In the records below, find the line with "le tendenze del mondo software 2020" and repeat exactly every line from it through the line with "Lara Craft- Be". Pictures stay out.

__Supplied data__.
_____
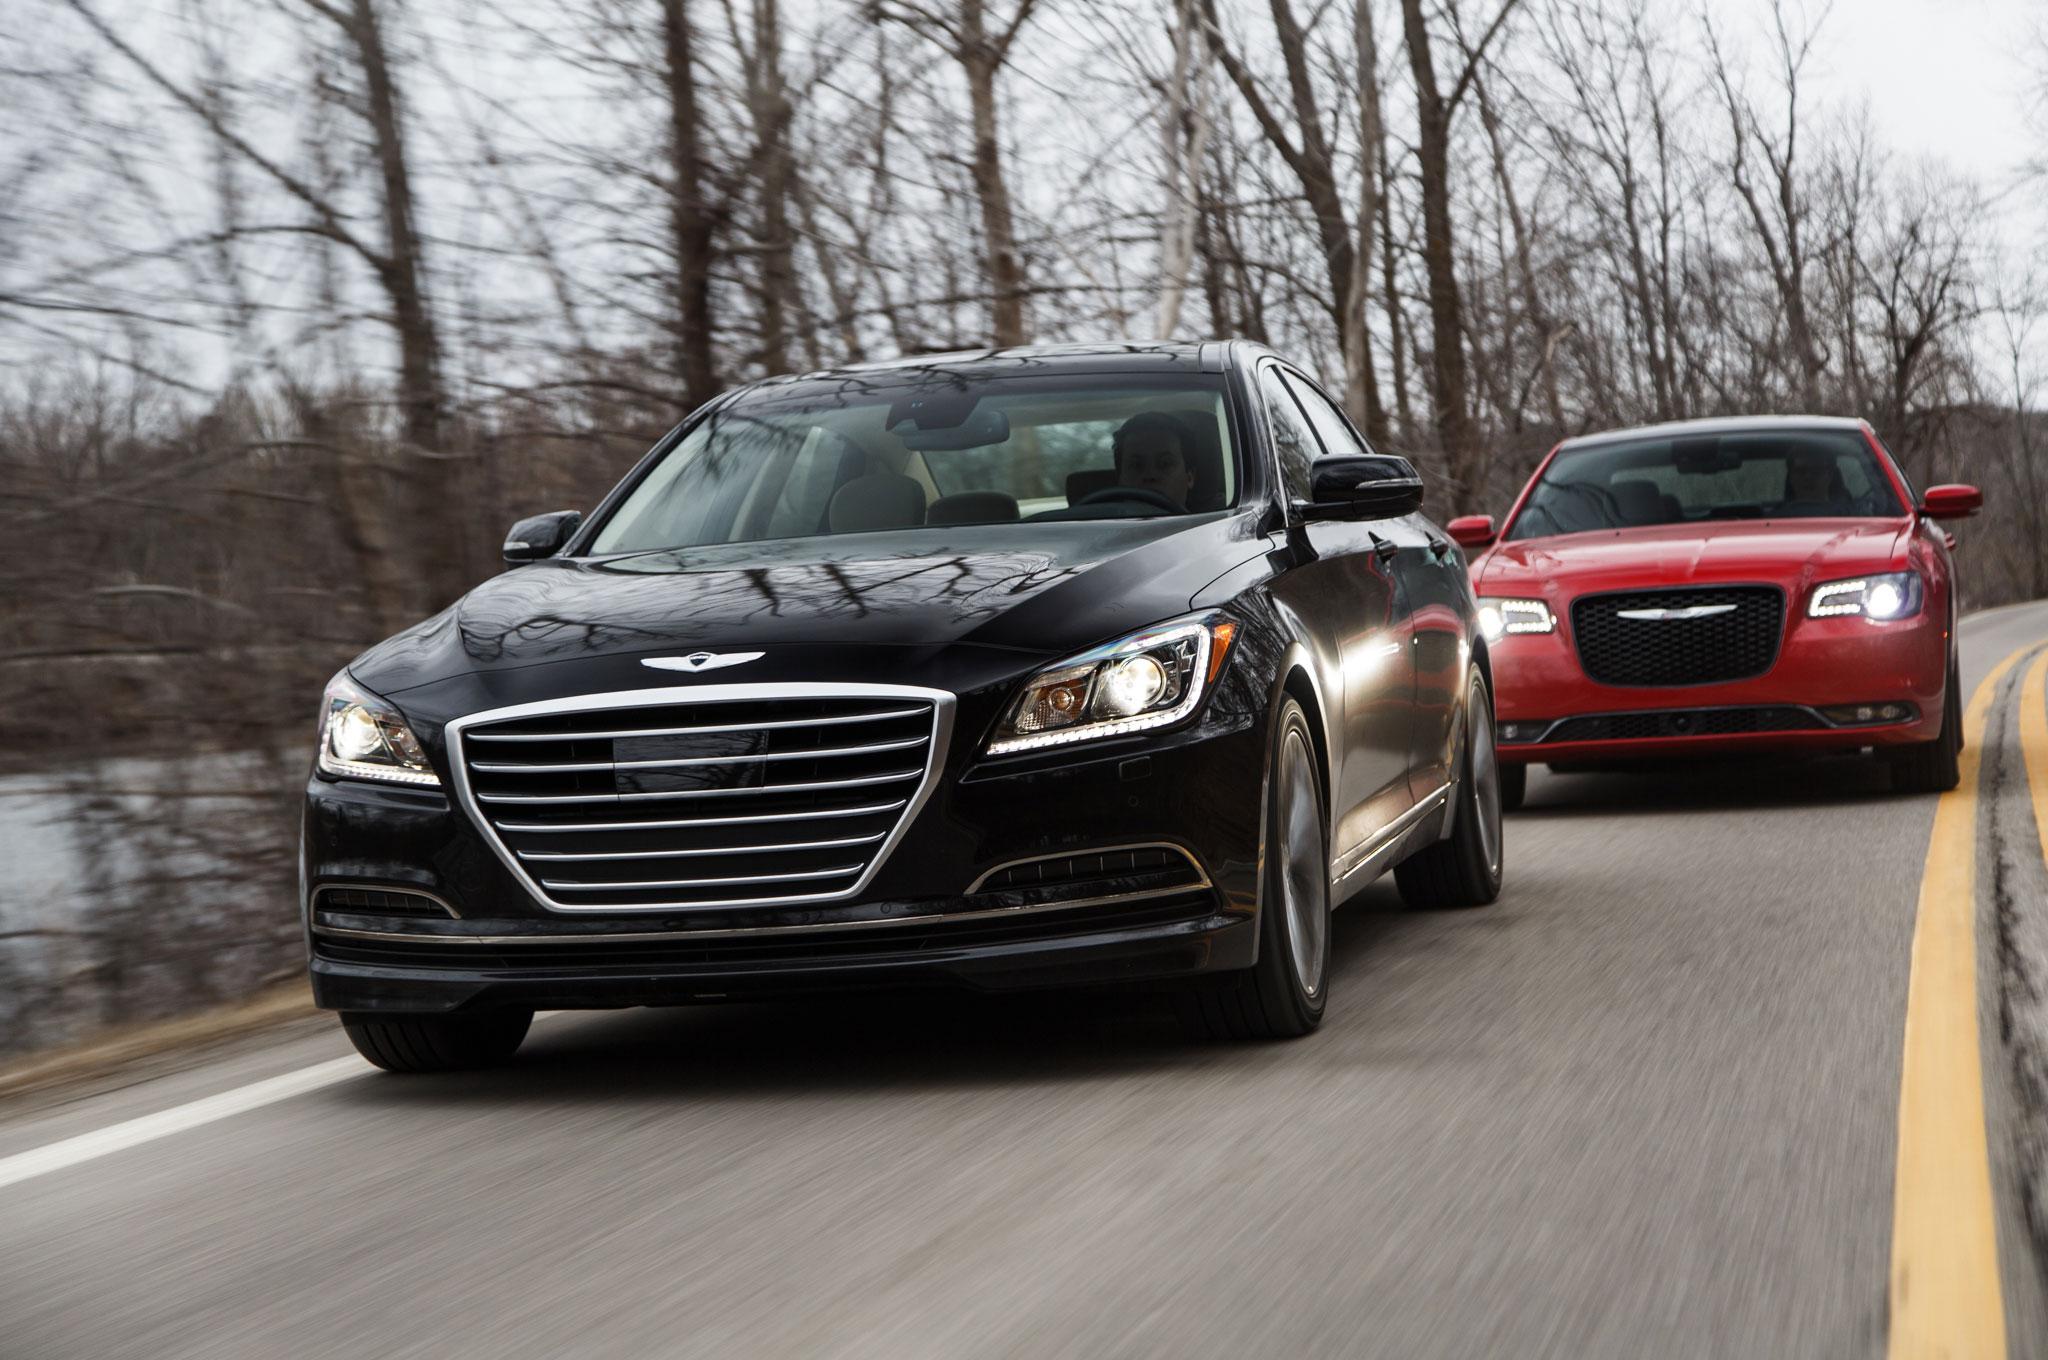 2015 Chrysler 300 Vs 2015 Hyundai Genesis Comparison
_____
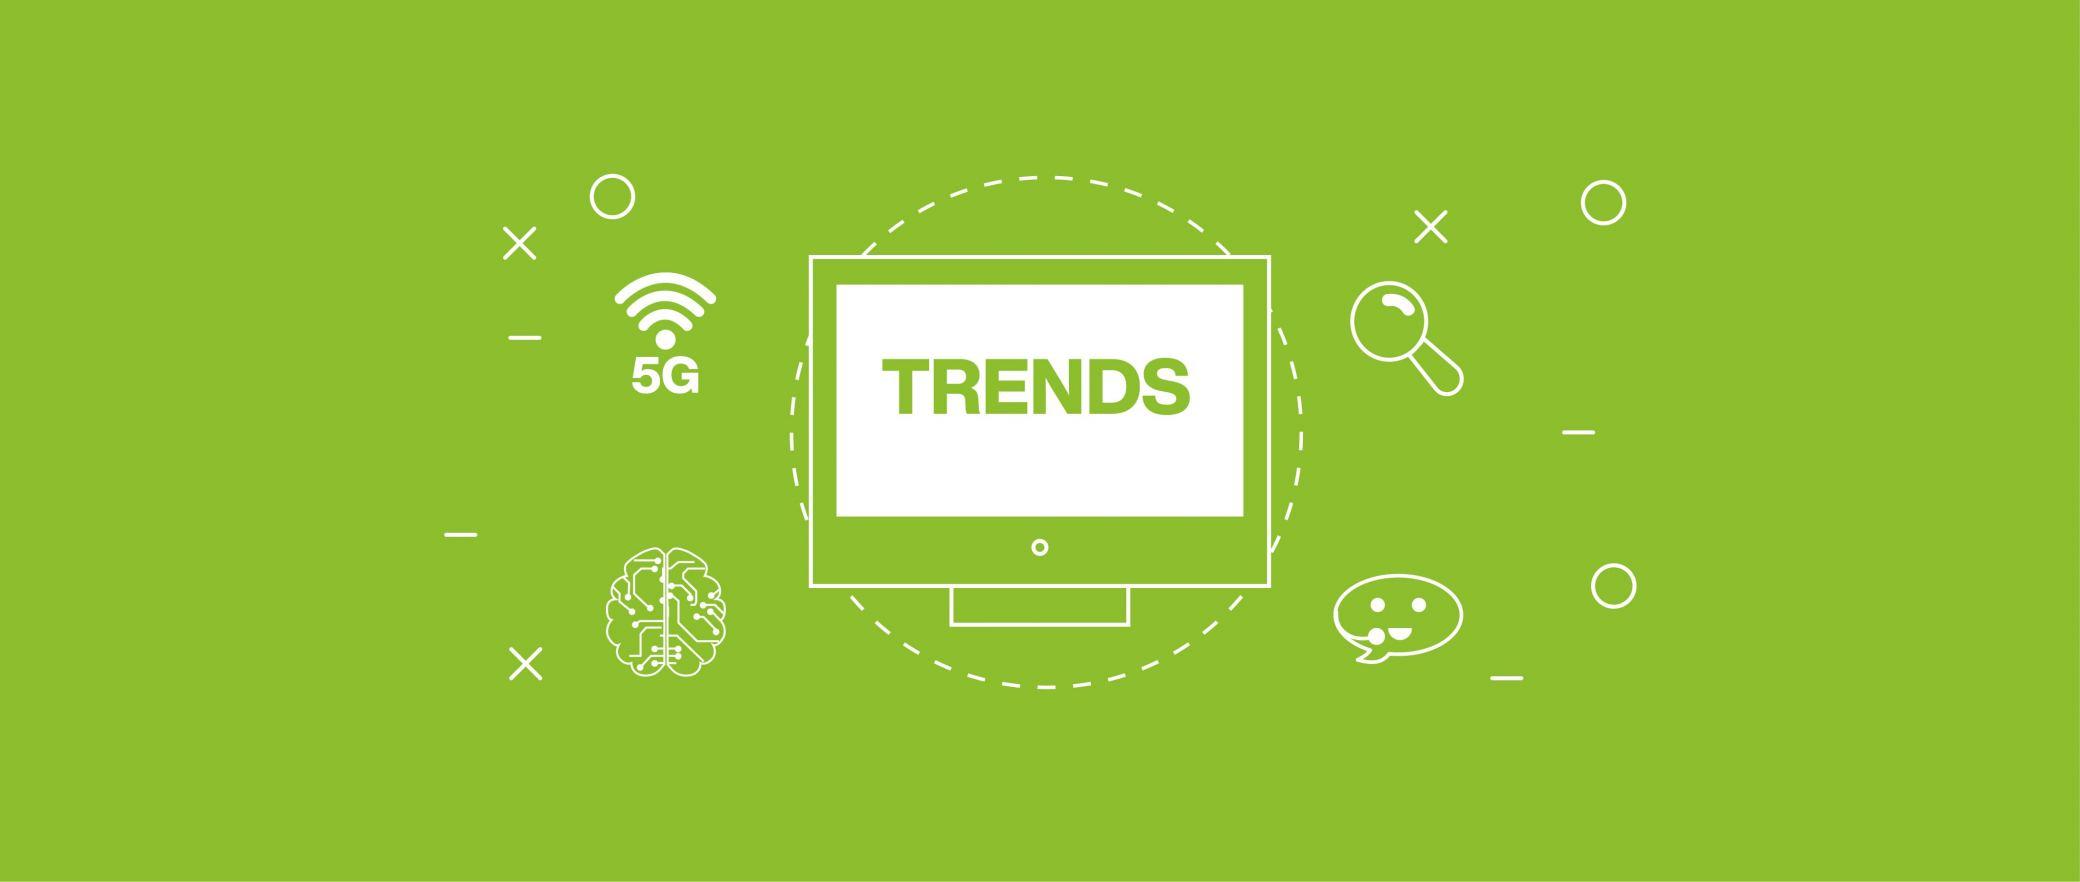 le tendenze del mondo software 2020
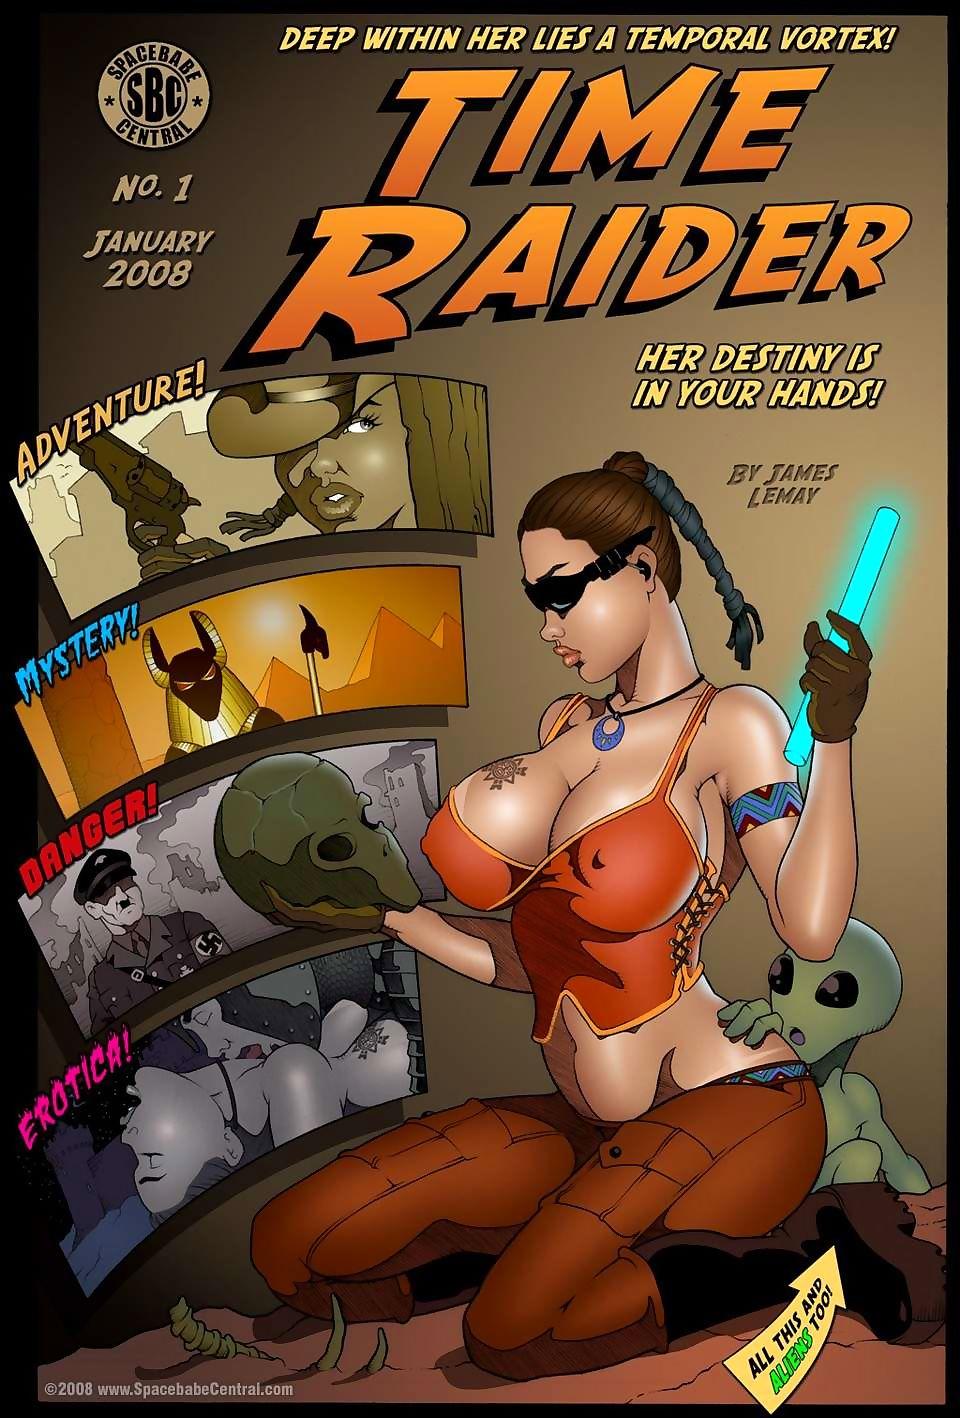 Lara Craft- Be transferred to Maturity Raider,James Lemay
_____
__Task response__.
 le tendenze del mondo software 2020
 Lara Craft- Be transferred to Maturity Raider,James Lemay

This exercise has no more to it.